Mit verschiedenen Delegationen von KIRCHE IN NOT haben sie die innerkoreanische Grenze und die Baracken in der sogenannten Demilitarisierten Zone besucht, wo die Grenzlinie zwischen beiden Ländern verläuft. Was war das für ein Gefühl?
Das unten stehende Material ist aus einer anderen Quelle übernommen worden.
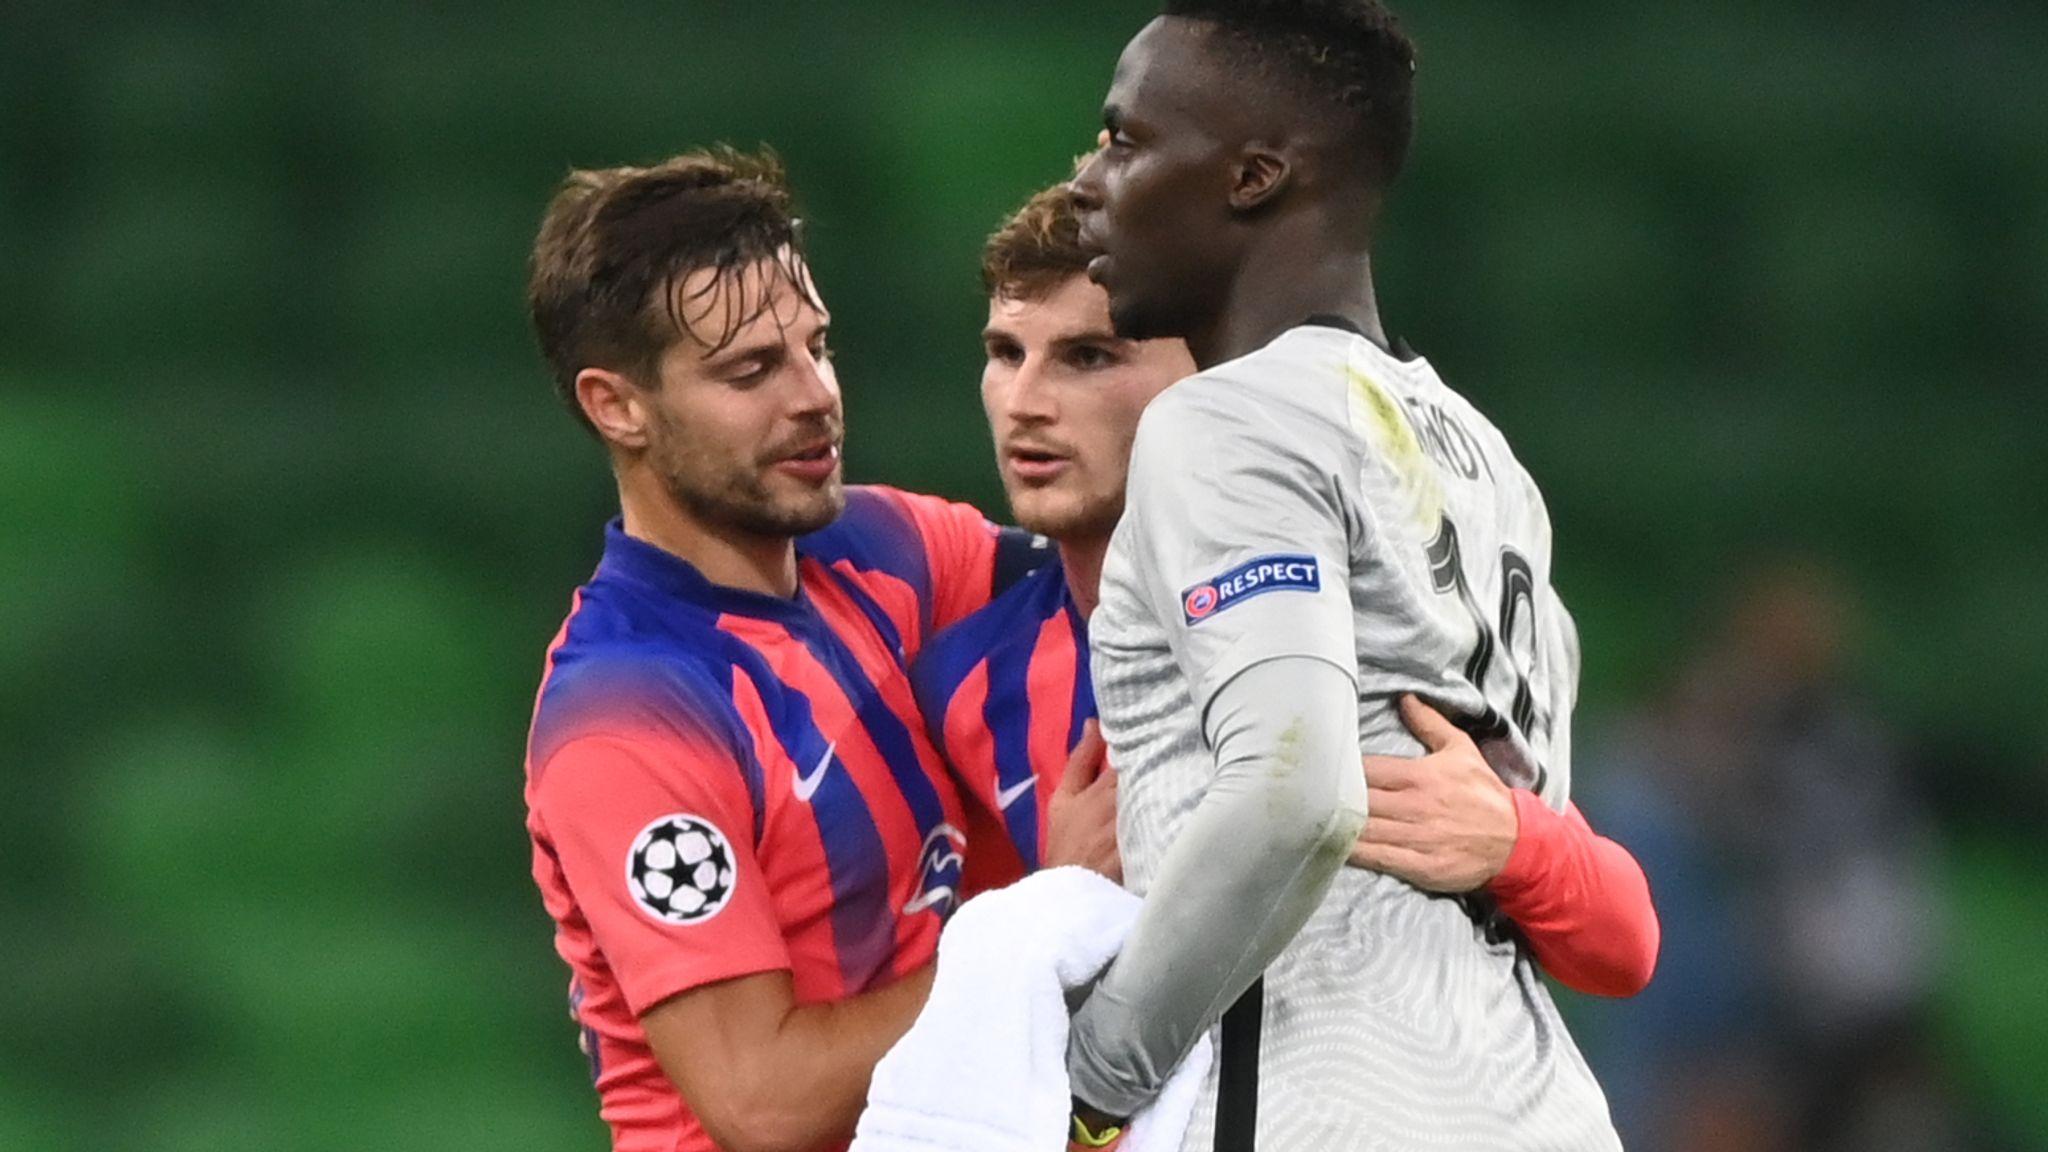 Nhận định Chelsea vs Krasnodar, 03h00 ngày 9/12, Cúp C1 châu Âu
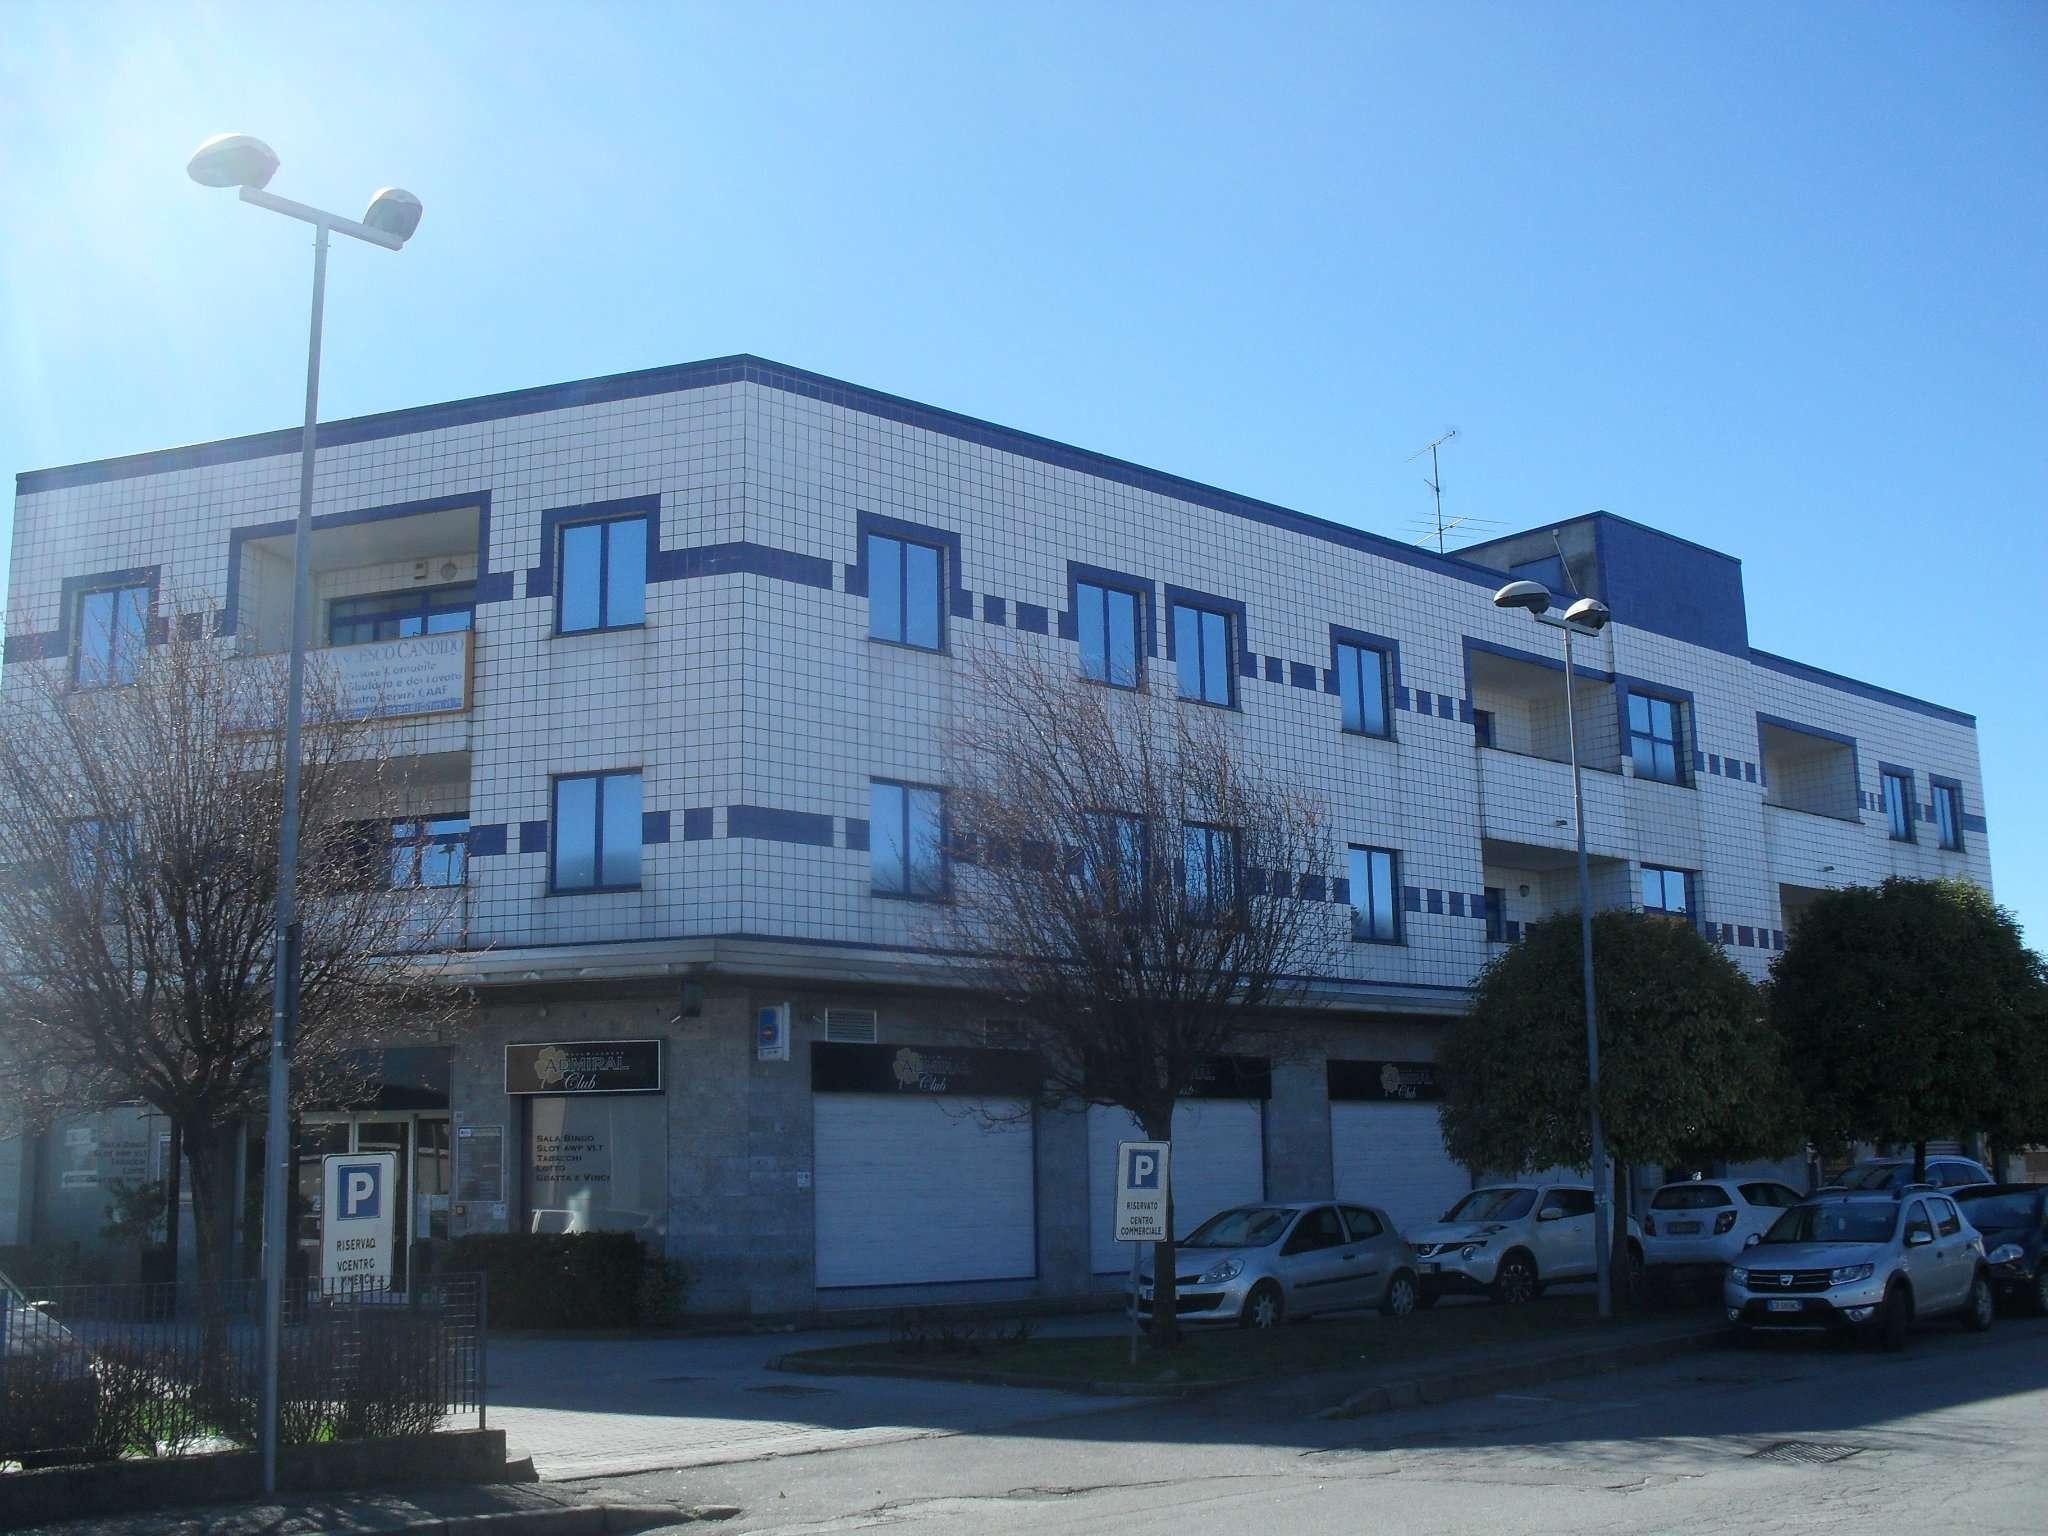 Ufficio / Studio in affitto a Nova Milanese, 1 locali, prezzo € 800 | Cambio Casa.it

Es war für mich jedes Mal sehr emotional. Ich hatte die Gelegenheit, den selben Ort von „beiden Seiten“ zu besuchen, einmal geführt von einem süd- und das andere Mal von einem nordkoreanischen Soldaten. Es sind sehr sympathische Männer, die sich in vielen Punkten sehr ähnlich waren – bis auf die Uniform.

Die jungen Soldaten, die sich da Tag für Tag an der Grenze gegenüberstehen, sind im Grunde genommen Brüder, die sich nicht mehr kennen und die trainiert wurden, einander zu hassen. Bei meinen Besuchen im Grenzgebiet wird mir das immer wieder schmerzlich bewusst.

Seit Ende 2015 ist KIRCHE IN NOT mit einem Büro in Korea präsent. Wie kommt die Arbeit des Hilfswerks im Land an?

Unsere Niederlassung ist sehr jung, aber die Verbindung unseres Hilfswerks zu Korea reicht bis Anfang der 1960er-Jahre zurück.

Der Gründer von KIRCHE IN NOT, Pater Werenfried van Straaten, hat Südkorea mehrmals besucht, als es nach dem Krieg in Trümmern lag. Er sammelte in Europa Spenden, die dem Land und der Kirche hier halfen, wieder auf die Beine zu kommen.

„Stolz auf Entwicklung ihres Landes”

Daran versuche ich die Koreaner zu erinnern. Sie kennen die Erfahrung von Armut, Krieg und Verfolgung aus ihrer Geschichte und können sich deshalb mit der leidenden Kirche der Gegenwart sehr gut identifizieren. Außerdem sind sie zu Recht stolz auf die Entwicklung ihres Landes und darauf, dass sie den Sprung vom Hilfe-Empfänger zum Wohltäter geschafft haben.

Wo setzen Sie die Schwerpunkte Ihrer Arbeit?

Im vergangenen Jahr habe ich meine persönlichen Eindrücke der Projekte von KIRCHE IN NOT im Irak, Libanon, in Pakistan und Nigeria in den Vordergrund gestellt. Diese Länder, aber natürlich auch die unerträgliche Situation in Syrien, thematisieren wir hier sehr stark.

In dieser Fastenzeit blicken wir besonders nach Indien. Papst Franziskus hat den Gläubigen Koreas aufgetragen, sich insbesondere der Glaubensgeschwister in Asien anzunehmen.

„Das Leben Asiens hell machen”

Bei seinem Besuch im Jahr 2014 sagte er: „Genauso wie der Herr seine Herrlichkeit im heroischen Zeugnis der Märtyrer aufleuchten ließ, möchte er seine Herrlichkeit auch in eurem Leben und durch euch aufscheinen lassen, um das Leben dieses weiten Kontinents hell zu machen.“

Bei der Erfüllung dieses päpstlichen Auftrags mitzuwirken, dazu tritt KIRCHE IN NOT in Korea an.